Добавить в цитаты Настройки чтения

Страница 38 из 77

Если она развяжет пигалика, все кончится хорошо, горячо загадала Золотинка.

Стремительно топотнул человек, в тот же миг другой, и Рукосил отчаянно вскрикнул:

— Руки! Рот! Руки держите!

Золотинкино сердце скакнуло, екнуло, и все было кончено. Рукосил заговорил успокоено, как человек, счастливо избежавший опасности:

— Не давайте ей ничего произнести, ни слова! И руки держите! Каждое слово — заклинание, ваша смерть!

Слышалось напряженное дыхание нескольких человек. Потом стена озарилась трепещущим ржавым светом и Золотинка разобрала произнесенную отчетливым шепотом рядом с корзиной бессмыслицу:

— Топ капо опак пот!

Анюты не стало.

Золотинка почувствовала это всем своим существом. Подручники расслабились, сбросив напряжение, им нечего стало держать — волшебница не упала, не умерла, ее просто не стало в руках.

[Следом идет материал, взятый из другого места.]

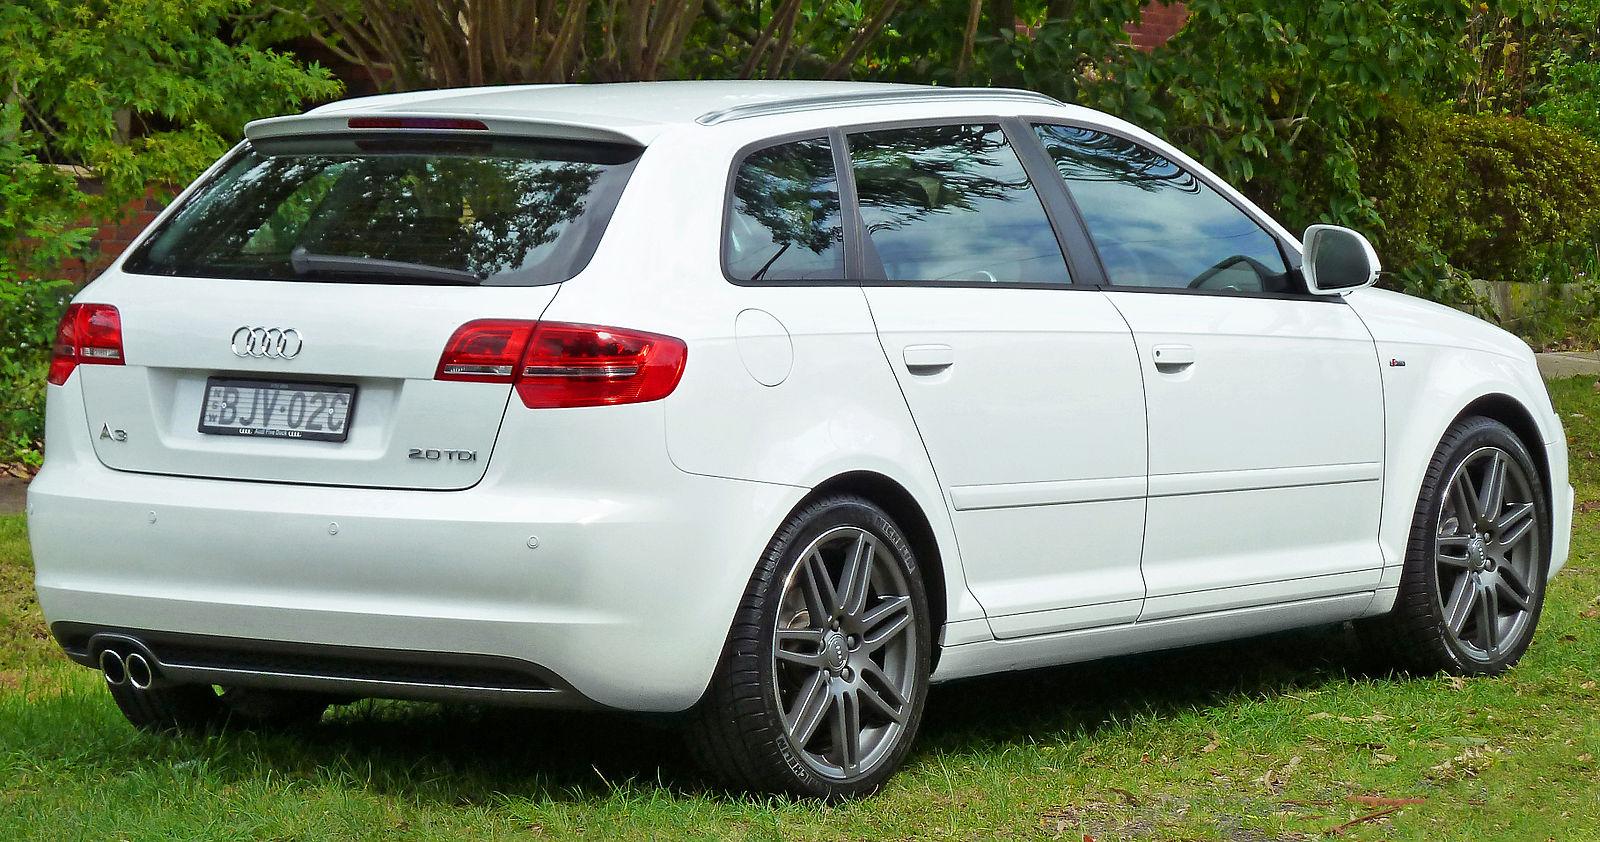 2009_Audi_A3_(8PA)_2.0_TDI_5-door_Sportback_(2011-04-02)_02

Они заговорил вполголоса, но свободно…

И снова содрогающий сердце, внезапный вскрик, топот, железный лязг, хрип, вой… звучное падение тела. И Рукосил вскричал:

— Болваны!

Поднялся испуганный галдеж:

— Сам же кинулся. Сволочь.

— Мразь, недомерок!

— Лещ скопытился, глянь: зенки выкатил! Все.

— Как развязался?

— Болваны! — повторил Рукосил упавшим голосом. — Это будет стоить войны. Убили пигалика… Он что, мертв?

Кто-то сказал:

— Падаль.

А Рукосил:

— Добейте!

Золотинка не могла зажать уши и потому зажмурилась, когда услышала хруст разрываемой железом плоти.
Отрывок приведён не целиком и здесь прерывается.